Recorded information →
• • • • • • •
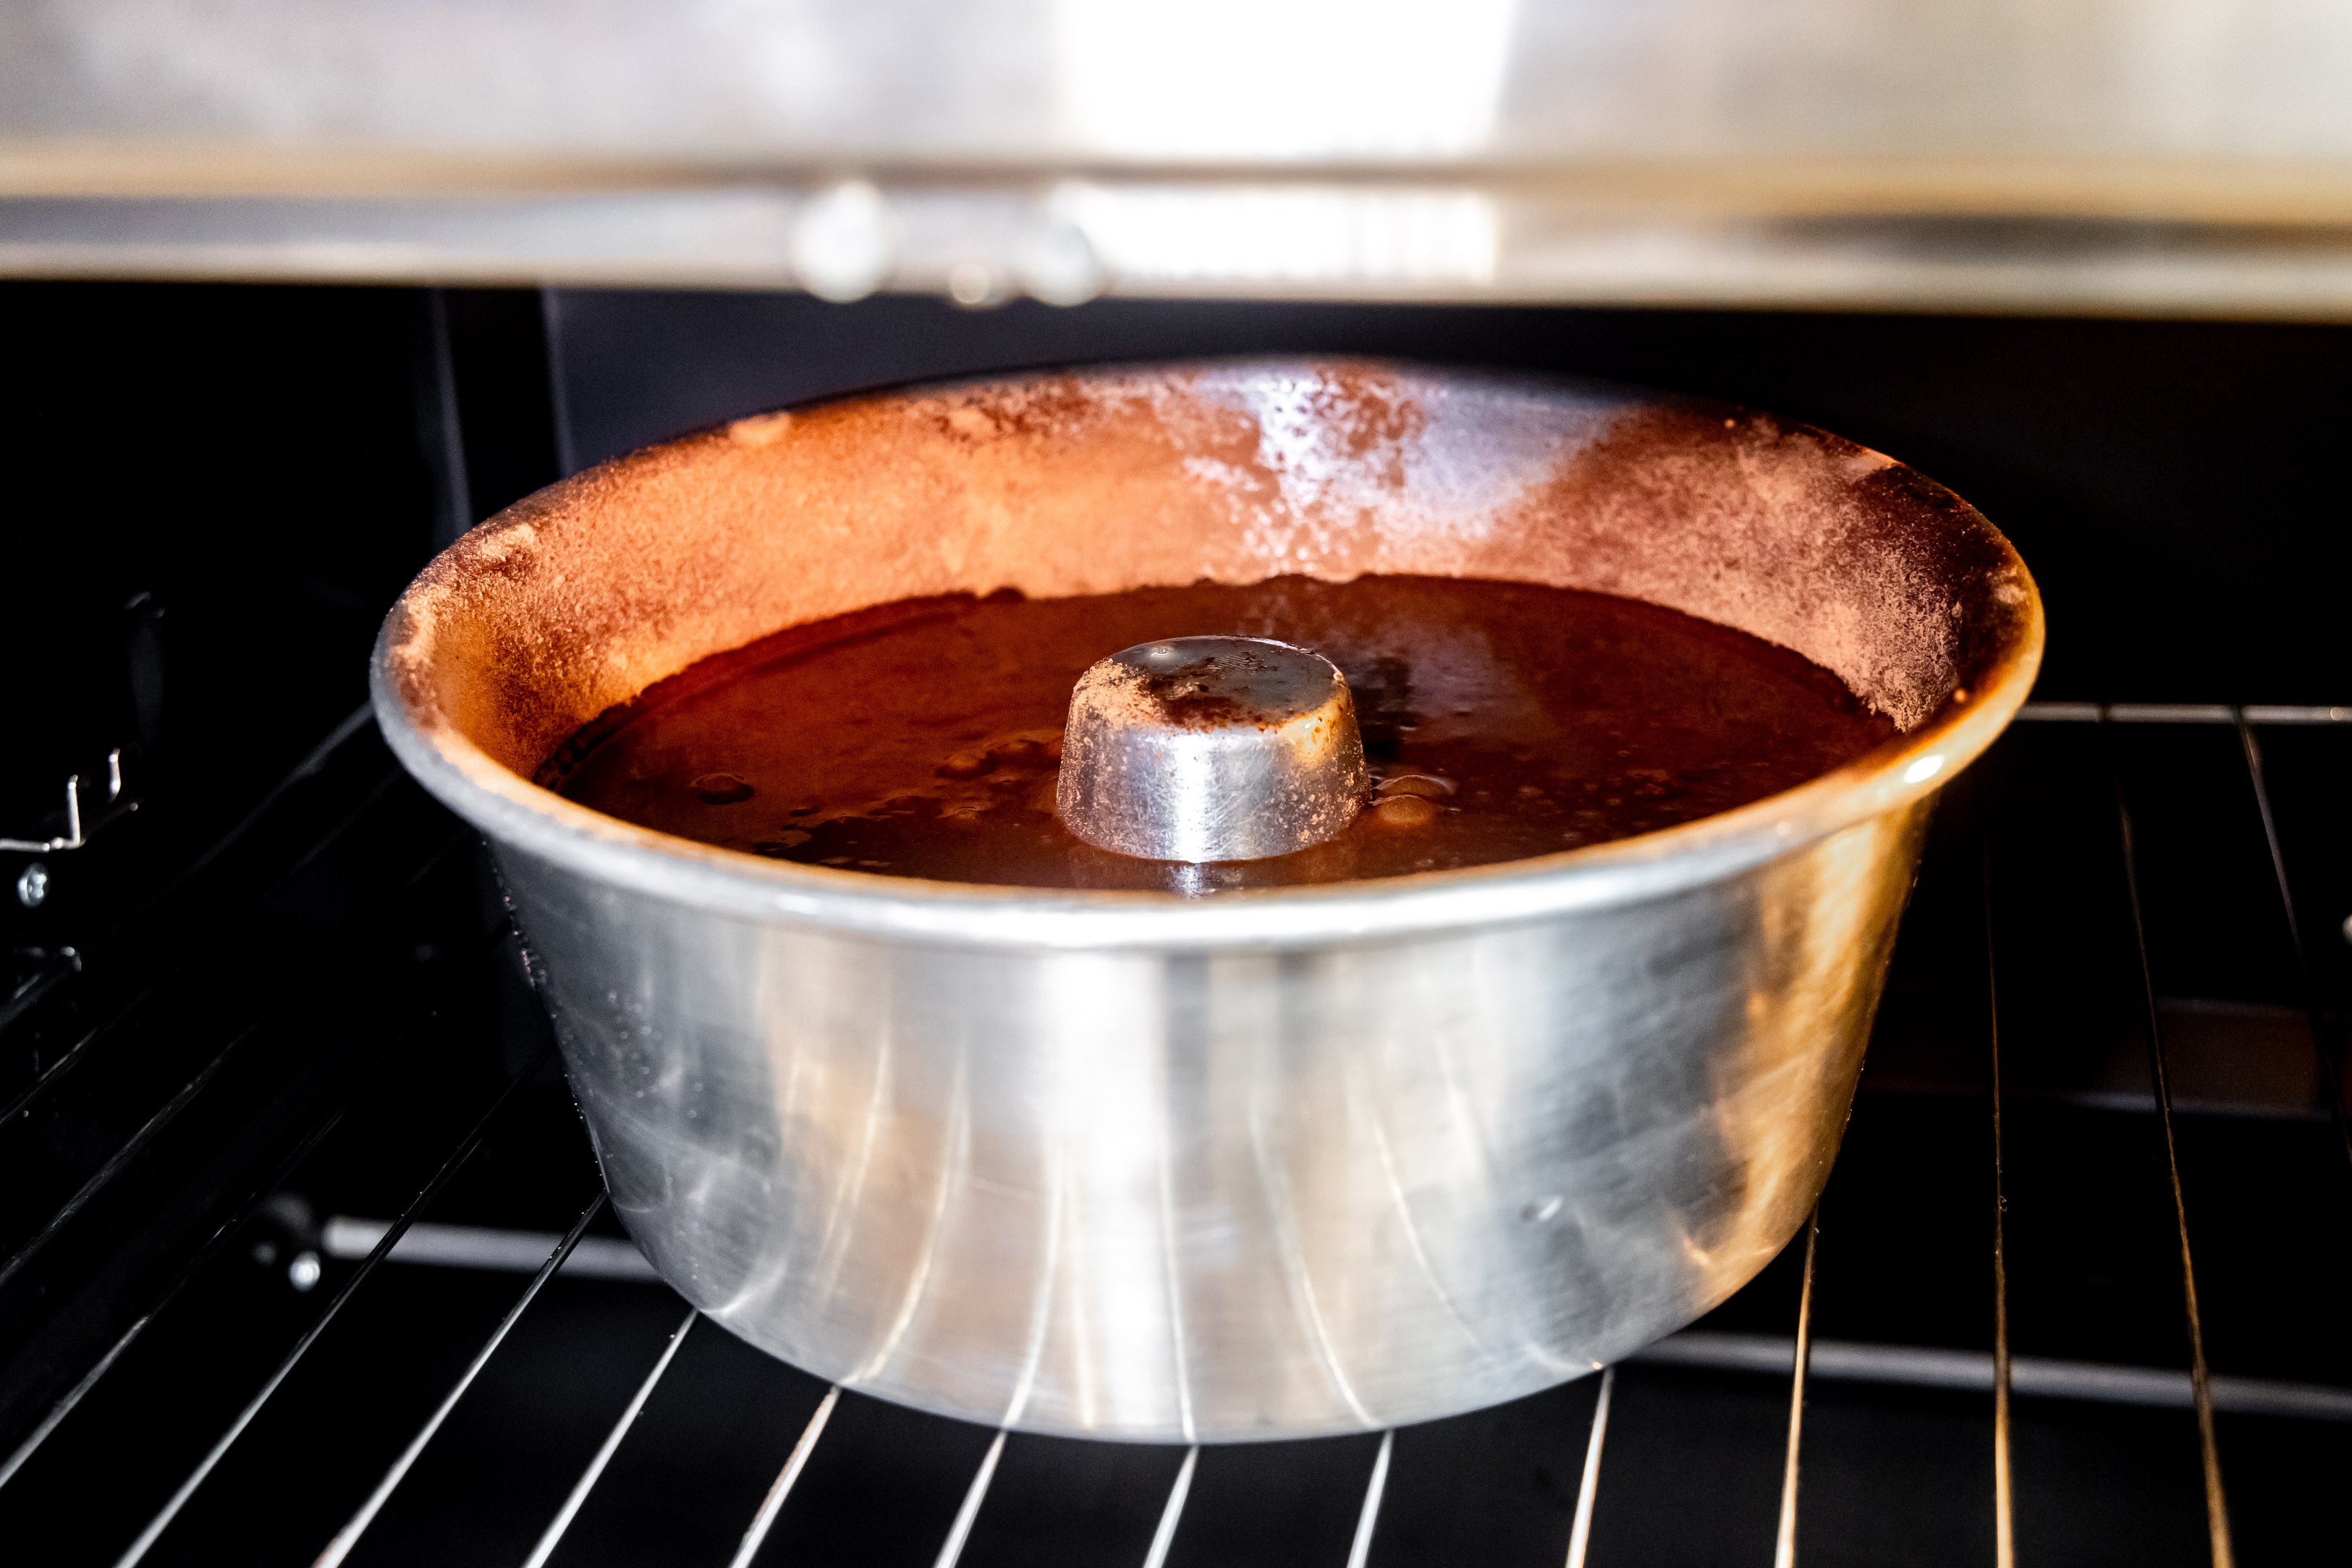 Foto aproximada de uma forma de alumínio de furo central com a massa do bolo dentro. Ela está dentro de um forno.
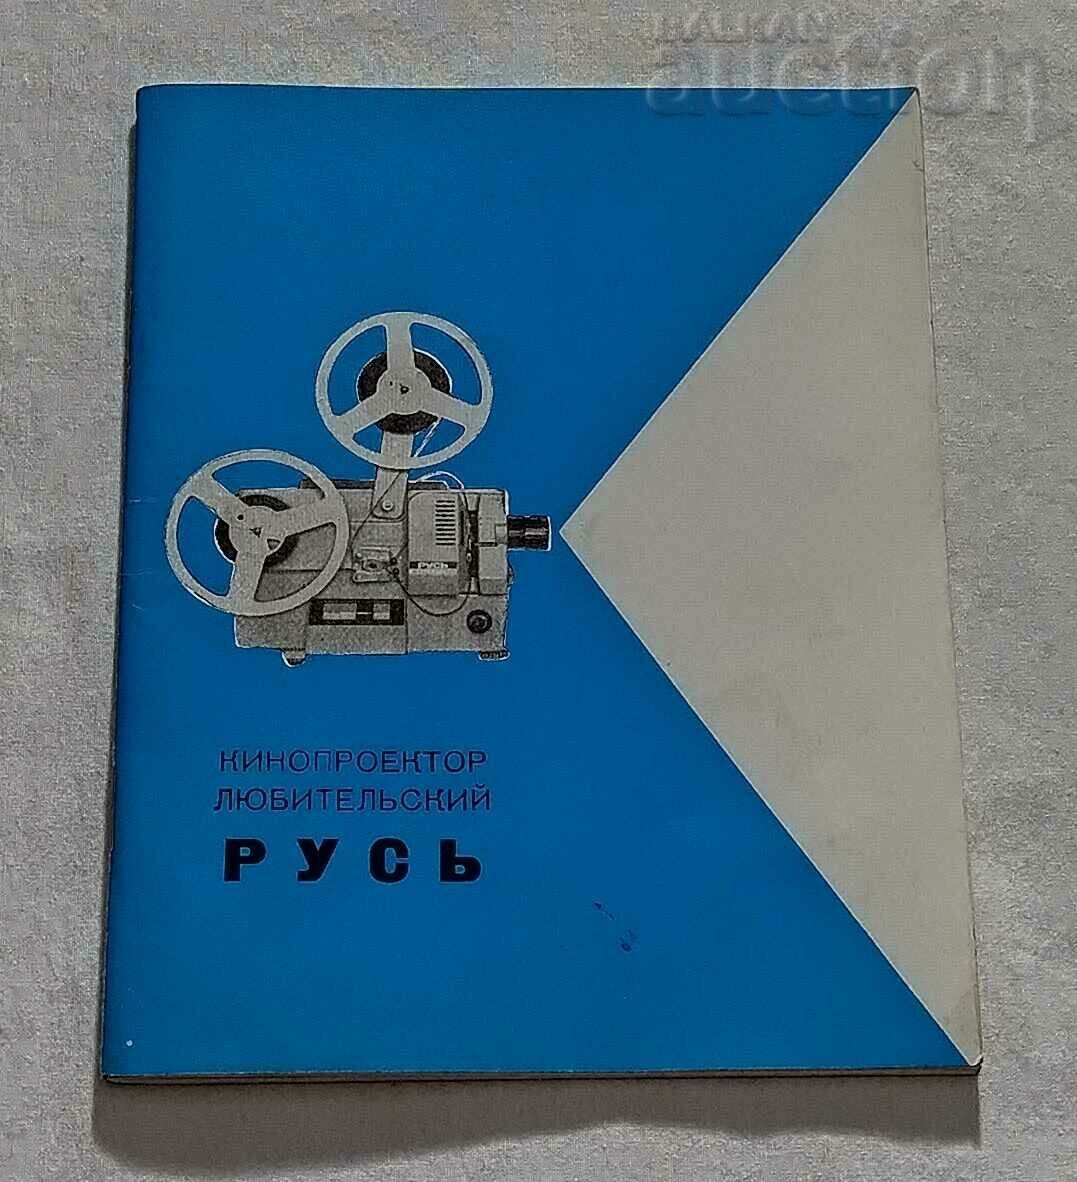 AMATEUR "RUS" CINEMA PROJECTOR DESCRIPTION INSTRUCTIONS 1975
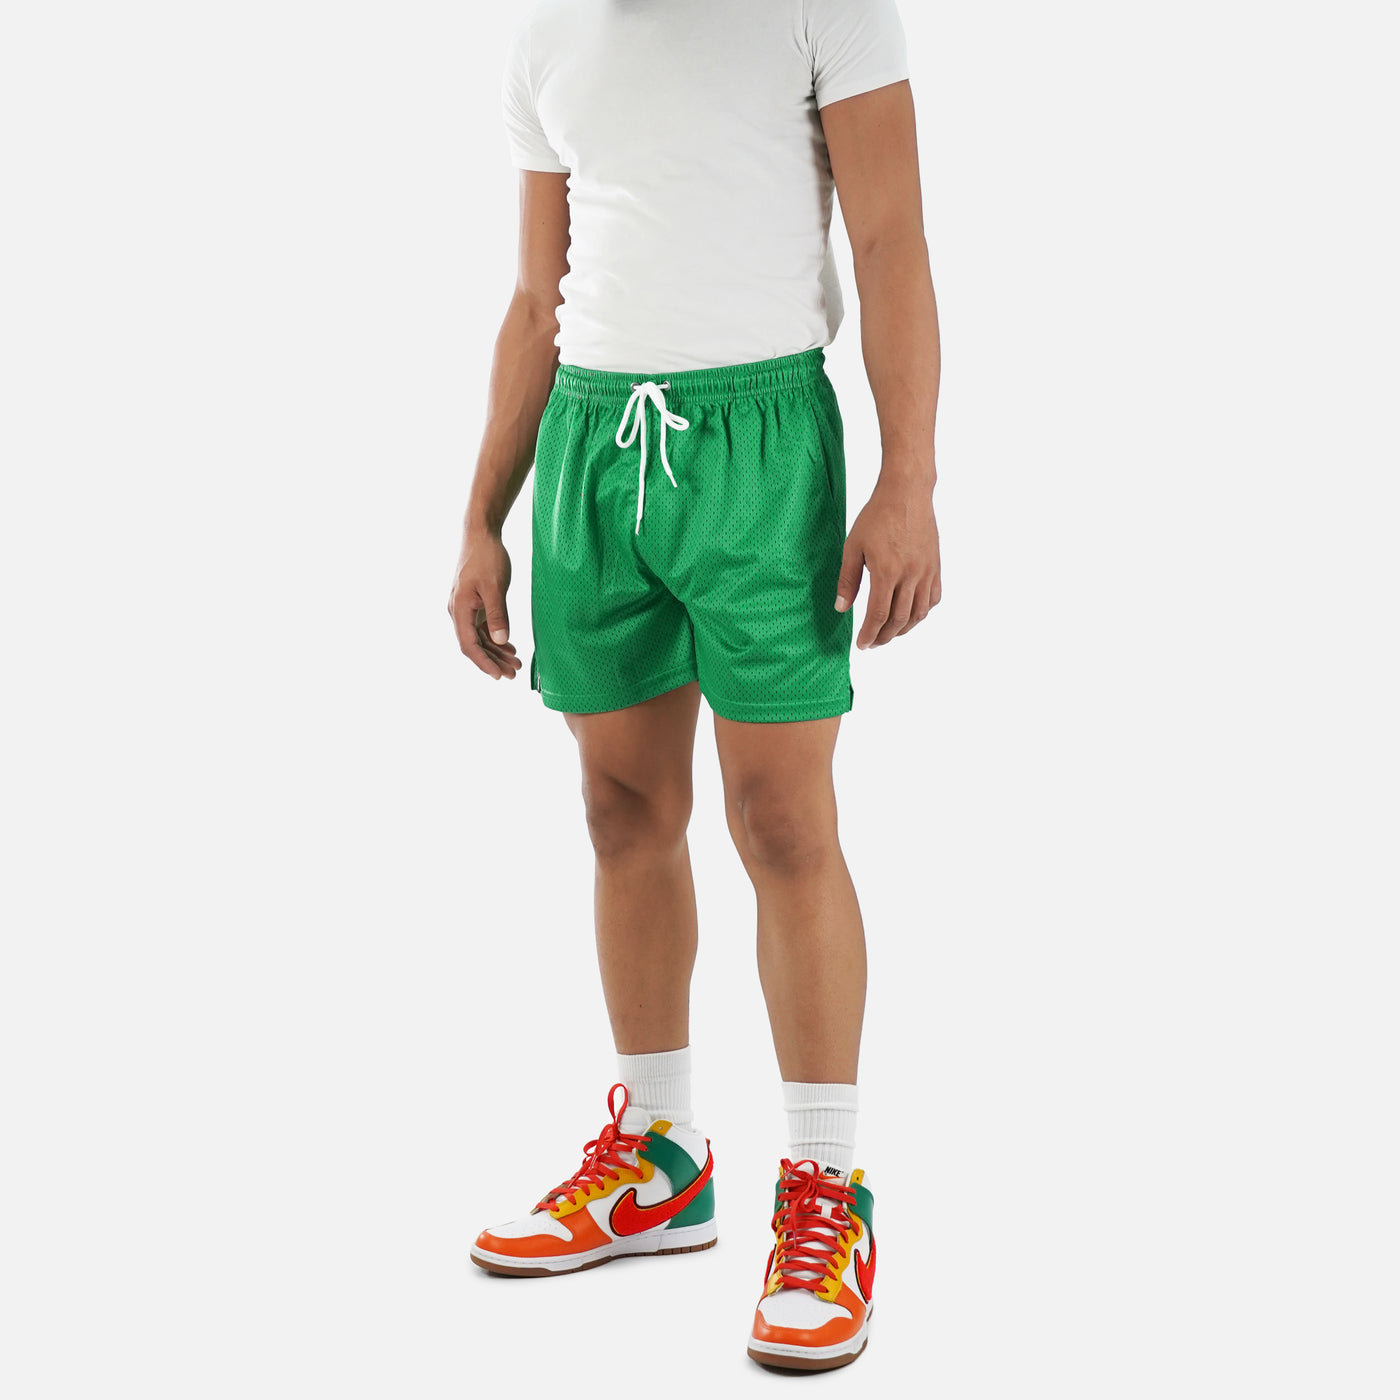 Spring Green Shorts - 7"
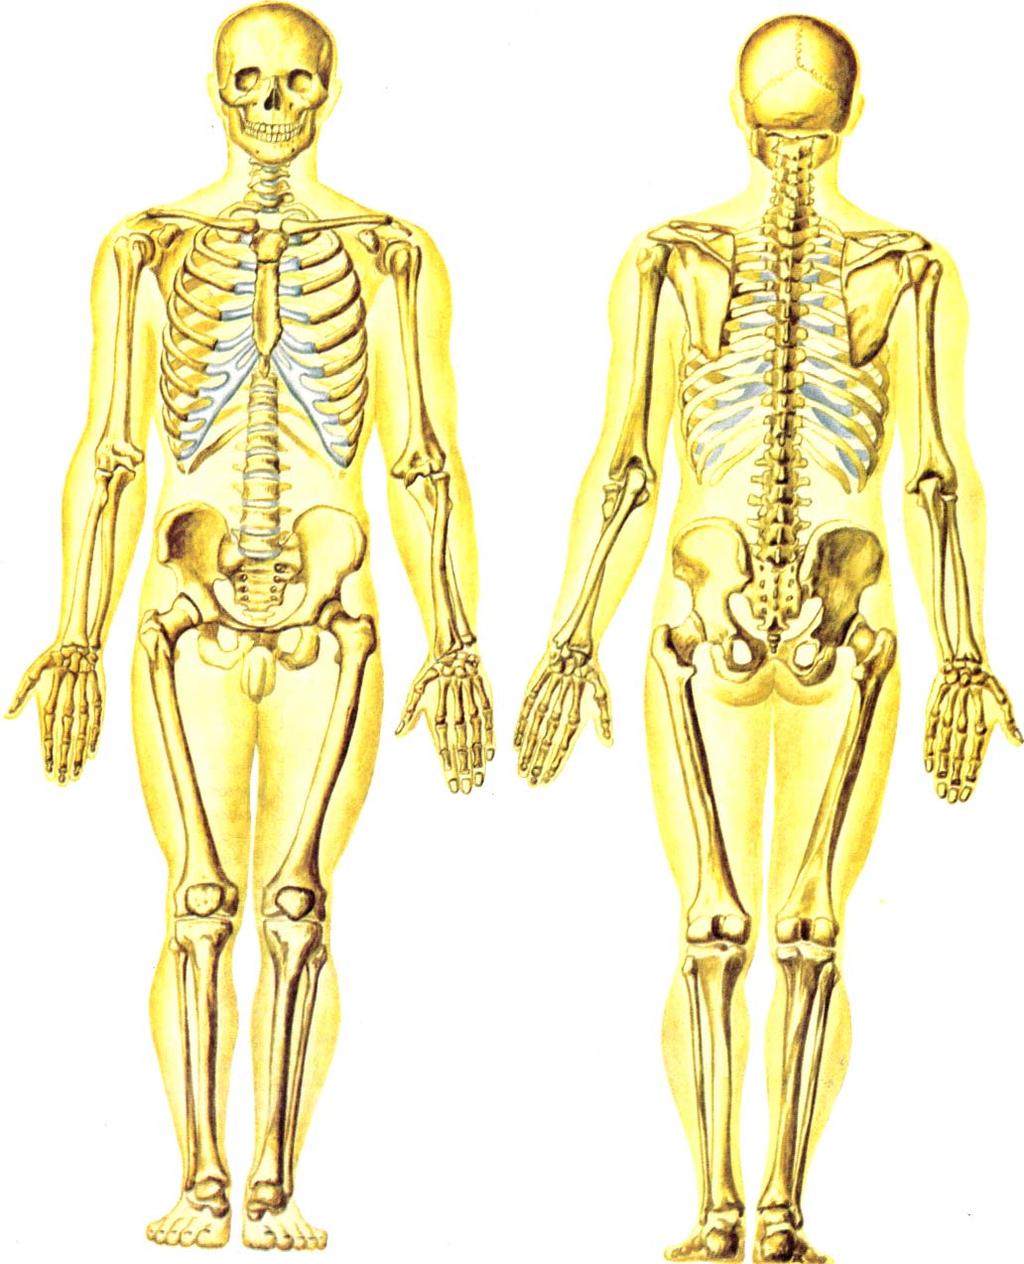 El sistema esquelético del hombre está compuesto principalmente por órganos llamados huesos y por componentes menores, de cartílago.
• • • • • • •
Exercise requirements → All lines from the beginning of the material through the line that holds "Spring Green Shorts", both included, should be returned exactly; please omit any pictures and add no other lines.

Expected answer →
 Foto aproximada de uma forma de alumínio de furo central com a massa do bolo dentro. Ela está dentro de um forno.
 AMATEUR "RUS" CINEMA PROJECTOR DESCRIPTION INSTRUCTIONS 1975
 Spring Green Shorts - 7"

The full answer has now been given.